It's been almost 3 months since I lost baby jorelle... I'm getting better now but there are still times where my tears dropped when I think of her.

I will be back to work on 14 June. Will I be emotionally stable when I'm back? How am I going to answer to those ppl who asked me about my baby?
 
Ling,
when i returning to work, right after sitting down, my lady boss came to me, we didnt say anything, i just hug her and cried not stopping, she grabbed to the meeting room, we talked almost 1 hour, i cried my heart out, i just cant control myself.

i know it is hard, but no choice we have to move on. i still remember i overheard my colleague sitting infront of me, his wife expecting and he ask around for baby name recommendation, my tears uncontrolly rolling down...
 
Hi everyone ...

Can't believe how time flies, it's been 8 months since I lost my boy. Had a follow up with gynae and he had commented that my uterus is bigger than normal size which will lower my chances of conceiving. I receive the news with mixture of calmness and confusion. He'll monitor me for a while and in hope I get to conceive naturally.

We really do not know how to respond ...hubby just kept quiet while I (in daze) digest all that is spoken by gynae. Anyway, nothing much we can do as well, do what is humanly possible while the rest leave it to God.

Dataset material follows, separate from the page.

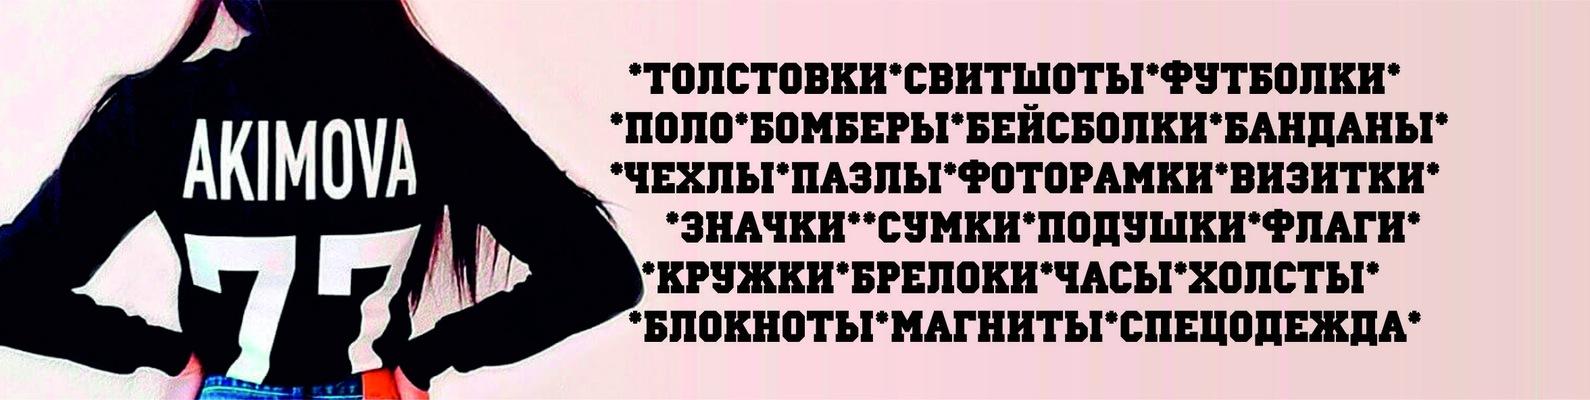 3d43616c7376 Футболки, толстовки, свитшоты на заказ Чебоксары | ВКонтакте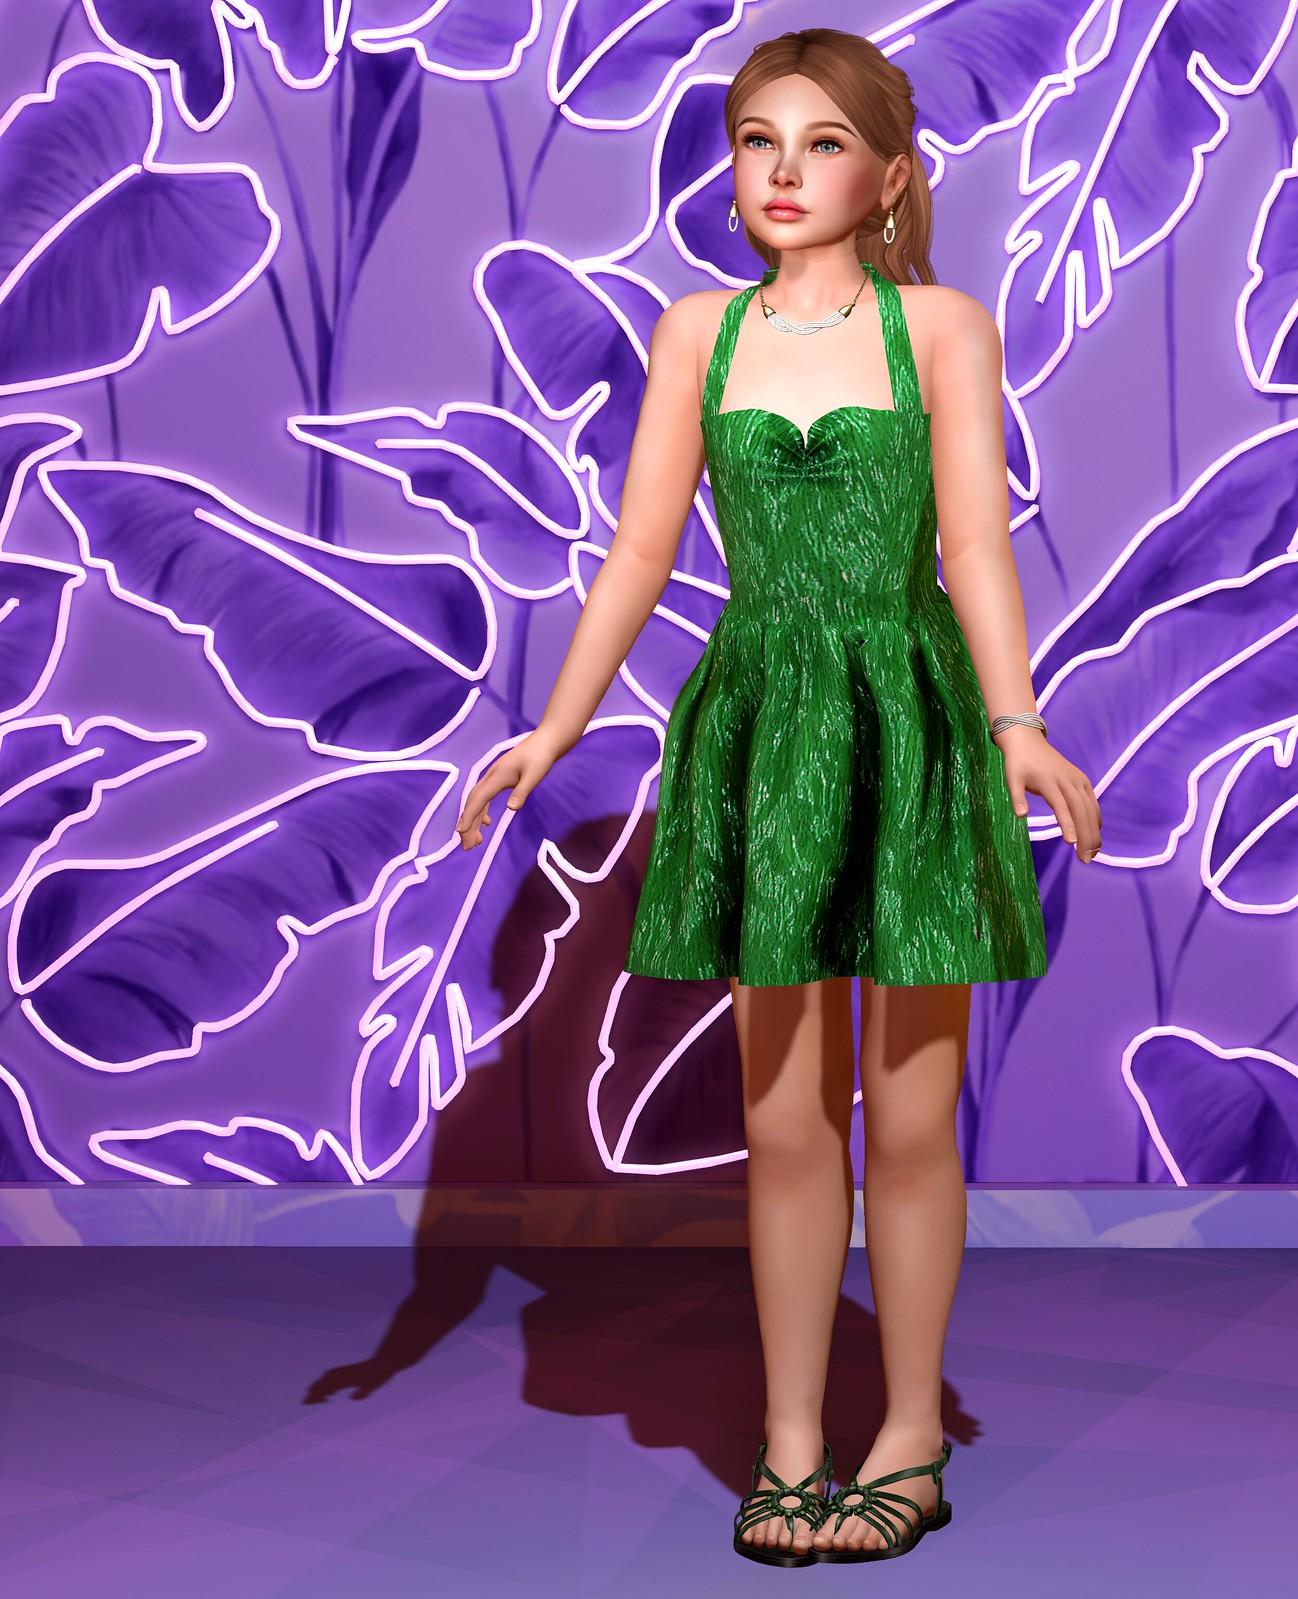 Tween Partaytay Dress

We still keep our boy's cloth, cot, pram ...It has been hidden by hubby in some corners of the house. At lost on how I should do with these stuff...
 
Hi,

My baby's post mortem shows that the hole between the heart was closed prematurely. The hole is usually closed within 1 week after the baby is delivered but my gal chose to close it when she is inside me.
Gynae told me that PDs and pathologist mentioned that it is very rare that such incident happened.
I feel a little down after receiving the report (that such rare cases can also happen to me. There are so many what if questions that come to my mind... if she is delivered earlier, why gynae did not suggest to induce me......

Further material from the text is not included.